Date: 2012 (or 1989)
Director: James Watkins
The Skinny: You can take your pick of this year's Hammer production or the superior BBC telefilm from 1989 (I'm not just being a culture snob here folks, I promise it's really freaking good). Robbed of her only child in life, The Woman's appearance meant bad juju for anyone unfortunate enough to make her ghostly acquaintance. Whenever she appeared the village's children soon turned up dead. Even without that chilling calling card, the withering look of pure hatred she tossed at anyone whose path she crossed was more than enough to make you quake at the knees.


9. Poltgergeist

Date: 1982
Director: Tobe Hooper
Cast: The early 80's let loose a torrent of “family friendly” horror that there's no doubt would never fly today's antiseptic Hollywood.

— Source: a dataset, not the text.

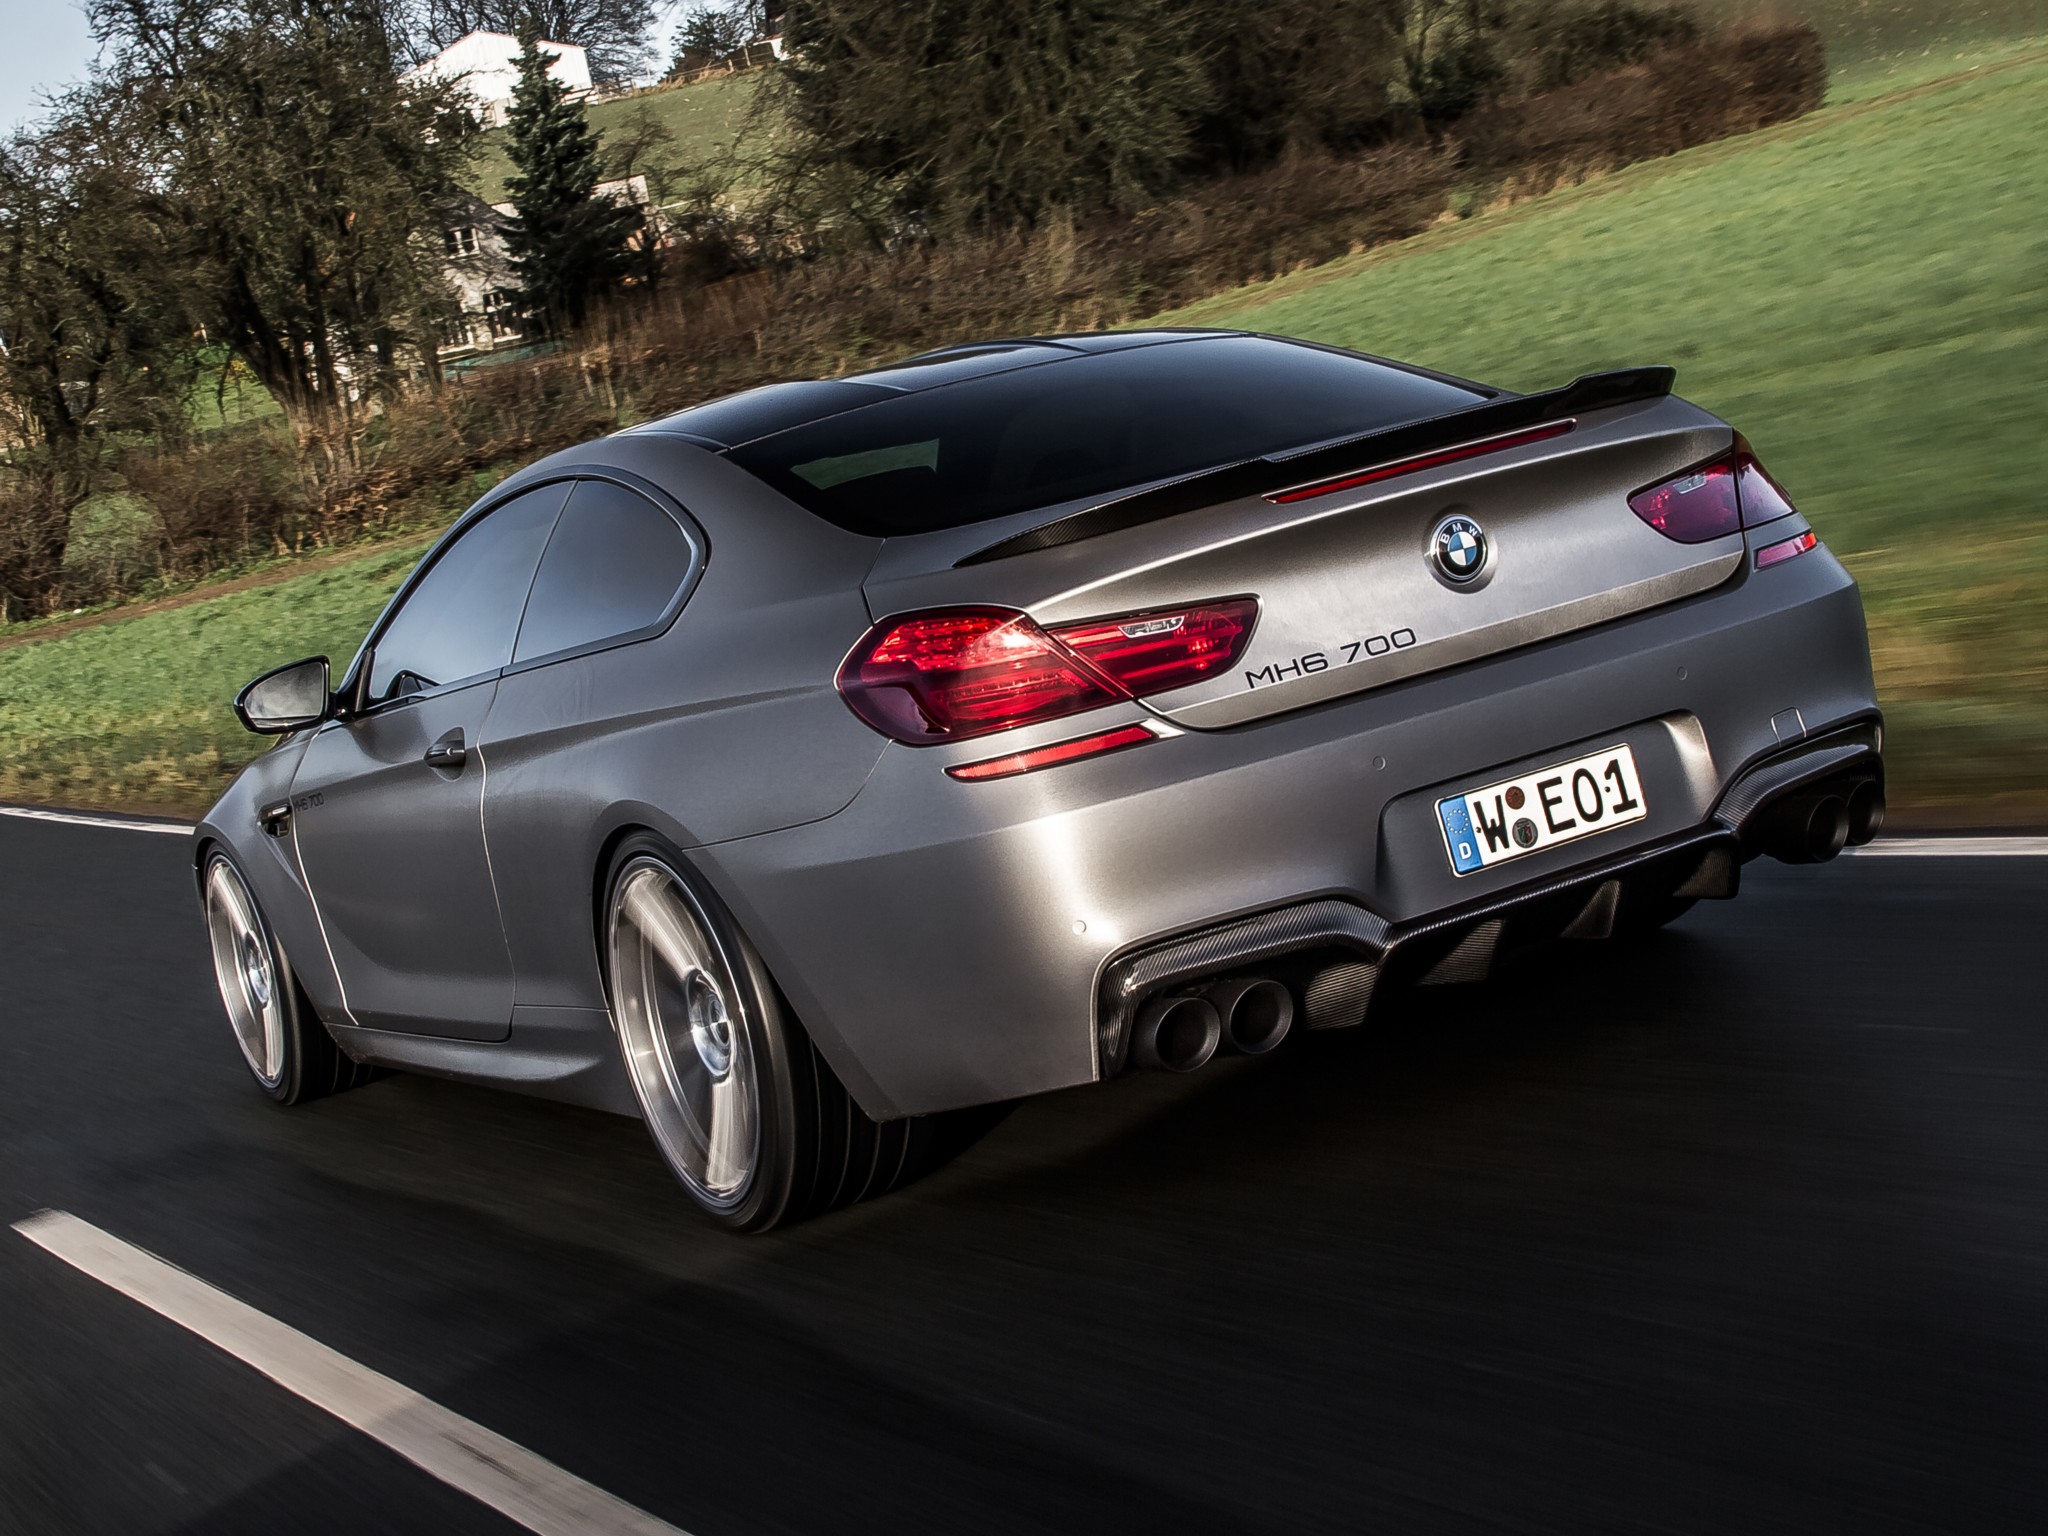 2013, Manhart racing, Bmw, Mh6, 700, Coupe,  f13 , Tuning, Gs Wallpaper

It scared the bejesus out of me as a kid. Clearly the only retaliation for building affordable yuppie housing over sacred Native American burial grounds is to suck young girls through extra dimensional portals in the closet and rip apart the house from end to end in the most violent manner possible. Poltergeist is the film that launched a thousand adolescent nightmares on those cold fall evenings when tree limbs shook barren of their leaves would stir in the wind and scrape innocently against window panes.


9. "The Entity"

Date: 1976
Director: Sydney J. Furie
Cast: ONLY IF SOME RECOGNIZABLE NAMES
The Skinny: What's even more disturbing than an unseen spirit trying to kill you? How about one that terrorizes you mental and physical torment by repeatedly forcing you down and raping you? That's the horrifying premise behind this 1976 ghost story. What makes it even more chilling is the claim that it's based on true events (from a time when this phrase wasn't completely bastardized by Hollywood). Barbara Hershey gives a chilling performance as the ghost's victim and special effects from the legendary Stan Winston help this film stand up nearly forty years later.


9. "The Fog"

Date: 1980
Director: John Carpenter
Cast: Not only does the sleepy town of Antonio Bay have to deal with your run of the mill angry ghosts, this seaside town gets havoc wreaked on it by PIRATE GHOSTS! Not just any old pirate ghosts mind you, but the swashbuckling kind that know how to wield swords and aren't afraid to chop kindly old baby sitters into skewer sized bits. Only the power of Tom Atkins mustache can keep this evil at bay. The Fog is an example of John Carpenter bringing A-level skill to a standard B-movie. With the pea soup thick fog rolling through the streets lending gobs of atmosphere and a makeup job for the ghosts that emphasized the waterlogged corpses dredged in seaweed and salt. This is almost as a good a movie for the season as that other one Carpenter helmed that you might have heard of.


9. "Paranormal Activity"

Date: 2009
Director: Oren Peli
The Skinny: Love the idea behind the spirit in this one. It's not haunting a specific location. Rather, it's tormenting a specific person, with it's victim being the lovely Katie and her douche nozzle boyfriend Micah. Not only that, this ghost bides its time, showing up when Katie was a young girl then making an appearance every decade or so to poke at her. By the time she's in her late twenties, Mr. Invisible finally decides to make a move, tearing her out of bed and dragging her down the hall, biting at her, trashing her pictures before finally taking over her body and having her go all stabby on her boyfriend. He won't be missed.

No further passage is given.